How to Do GEO? The Complete Guide 2026

Published:
May 24, 2026
How to Do GEO? The Complete Guide 2026

In a nutshell: Generative Engine Optimization (GEO) is the strategy that gets your brand cited and recommended by AI systems like ChatGPT, Perplexity, and Google AI Overviews. Unlike SEO, which targets link rankings, GEO targets inclusion in the generated answer itself. This guide covers the 10 best practices for optimising your content in 2026: clear structure, entity optimisation, autonomous Q&A blocks, and strong trust signals. The goal: become the go-to source that language models choose to cite.

Online search is going through its biggest revolution since Google was created. Users no longer want to scroll through ten blue links to find an answer; they want a direct, synthesised, ready-to-use response. That is exactly what generative engines provide (ChatGPT, Perplexity, Gemini, Claude).

For brands, the challenge is enormous. Ranking first on Google no longer guarantees visibility. You now need to convince artificial intelligence to cite you as a reliable source. That is the whole point of GEO (Generative Engine Optimization). But how do you go about it in practice? Here is the complete guide and the 10 best practices to succeed with your GEO strategy in 2026.

The essential GEO glossary

Before diving into optimisation techniques, let us align on the key terms that define this new discipline.
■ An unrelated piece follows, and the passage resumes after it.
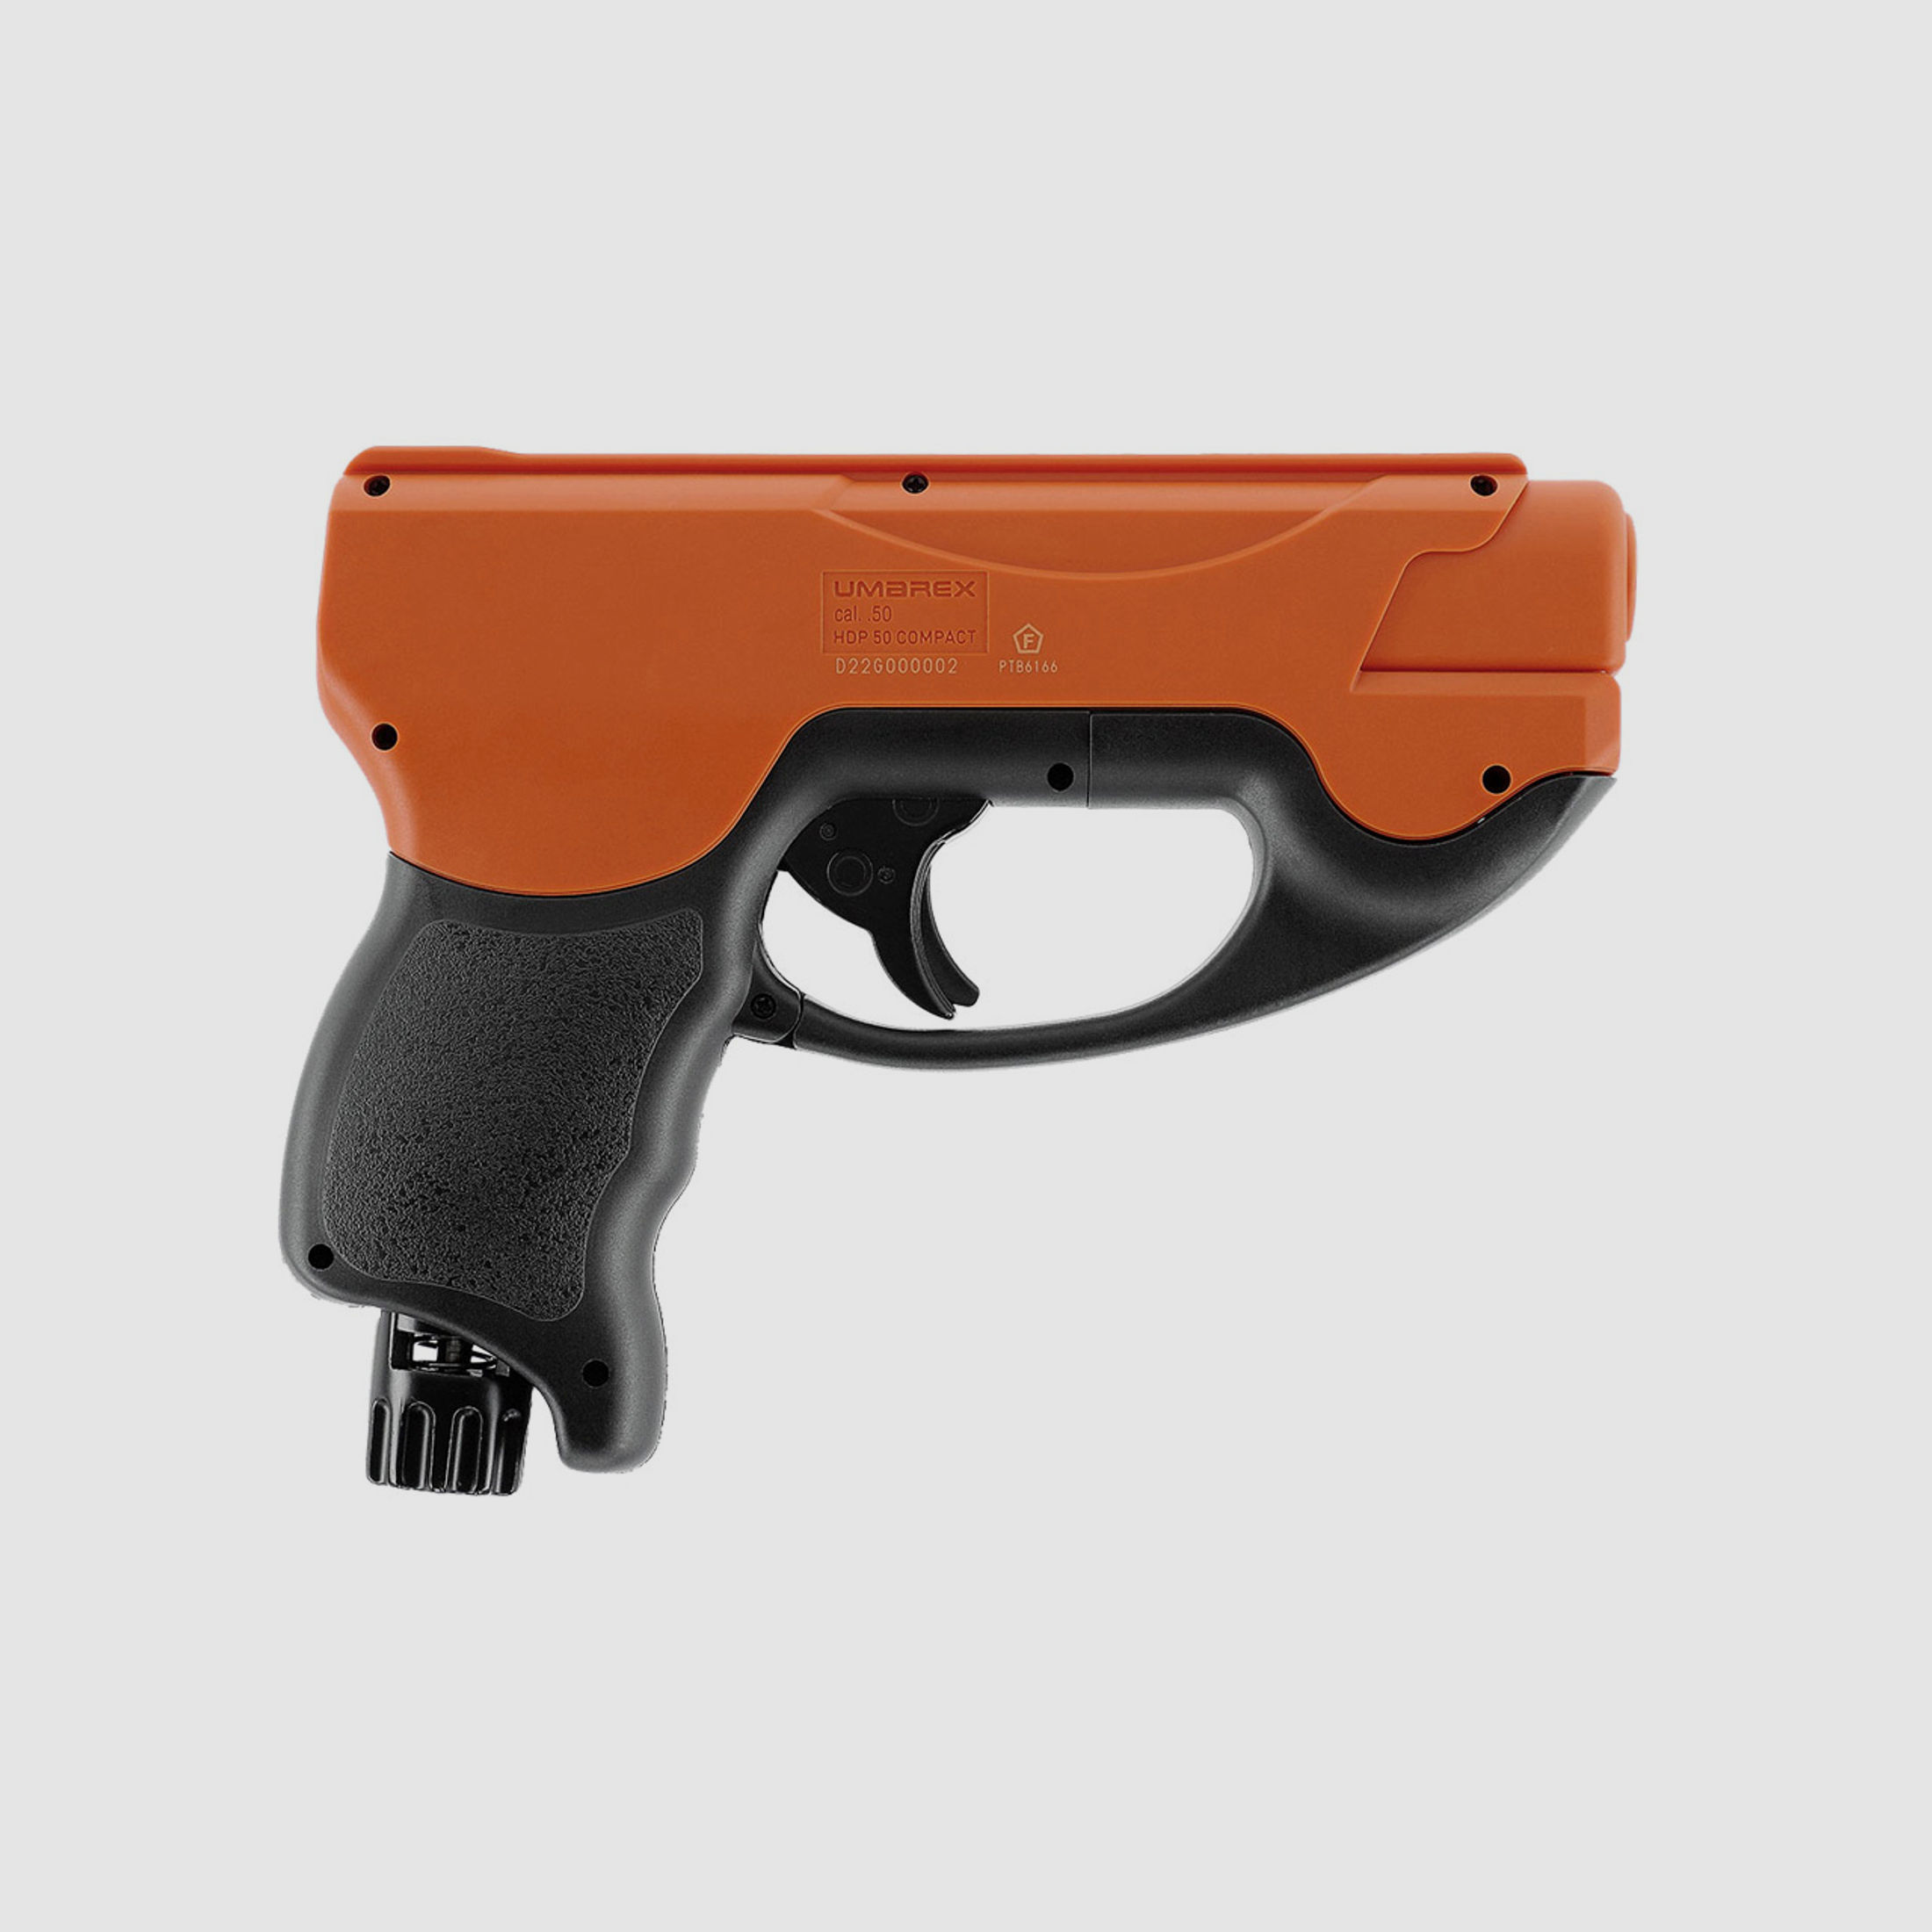 CO2 Markierer Home Defense Pistole Umarex P2P HDP 50 Compact u.a. fĂĽr Gummi-, Pfeffer- und Farbkugeln Kaliber .50 (P18)

  • GEO (Generative Engine Optimization): The set of techniques aimed at optimising the visibility of a brand, product, or piece of content within the responses generated by artificial intelligence systems.
  • RAG (Retrieval-Augmented Generation): The technology used by AI systems to search the web for real-time information before generating a response. This is the mechanism that GEO seeks to influence.
  • LLM (Large Language Model): The underlying language model (such as GPT-4 or Claude 3) that understands the query and drafts the response.
  • Entity: A concept, person, place, or brand clearly identified by the AI. GEO aims to turn your brand into a strong, well-recognised entity.
  • Share of Model (AI share of voice): The key GEO metric. It measures how often your brand is cited compared to competitors across a defined set of queries (prompts).

SEO vs GEO: understanding the fundamental difference

It is tempting to see GEO as a simple evolution of SEO. That would be a mistake. Both disciplines share common foundations (content quality, technical authority), but their objectives and methods diverge significantly.
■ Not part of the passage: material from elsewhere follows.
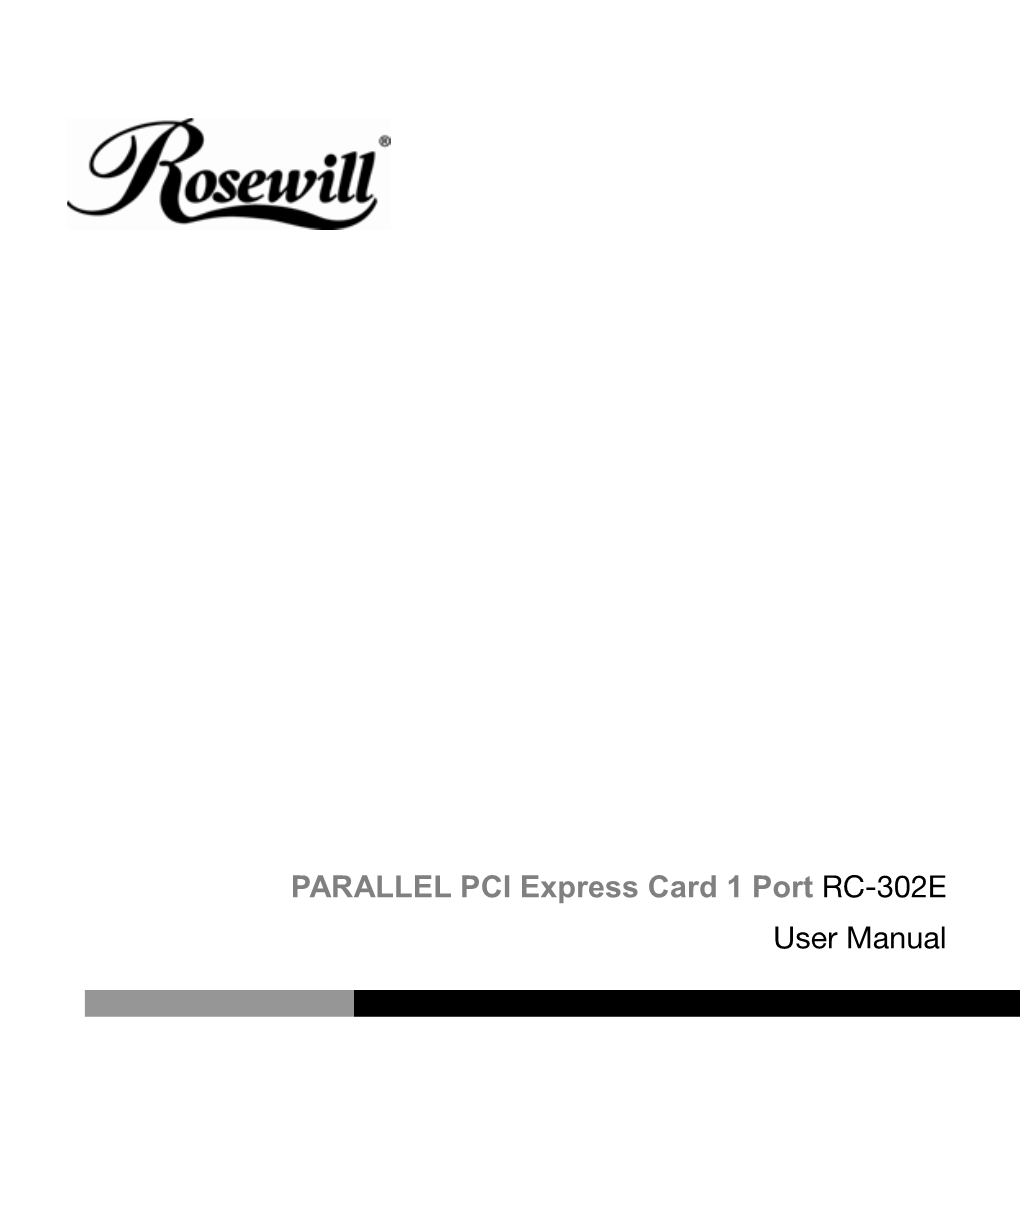 PARALLEL PCI Express Card 1 Port RC-302E User Manual

Visual comparison between SEO and GEO
SEO aims to rank web pages; GEO aims to position responses and brand citations inside AI-generated answers.
What is the main difference between SEO and GEO?

The main difference lies in the final objective and the output format. SEO (Search Engine Optimization) aims to rank a web page as high as possible in a list of results (Google's blue links) in order to generate a click. GEO (Generative Engine Optimization) aims to ensure that your brand, data, or expertise are directly integrated and cited in the text response generated by an AI (such as ChatGPT or Perplexity).

In practice, SEO optimises for short keywords and a ranking algorithm, while GEO optimises for long conversational questions and a language model that synthesises information. Excellent SEO does not guarantee good GEO visibility, because AI systems often favour third-party sources (media outlets, forums, comparison sites) over the brand's own website.

A generative engine user is not looking for a website to visit; they are looking for an immediate answer. Your job is no longer to attract the visitor, but to provide the best raw material for the AI to build its response around you.

The 10 best practices for GEO in 2026

How do you concretely optimise your content for generative engines? Here are the 10 strategies that work today, based on analysis of AI crawler behaviour and RAG algorithms.

1. Structure your content for extraction (scannability)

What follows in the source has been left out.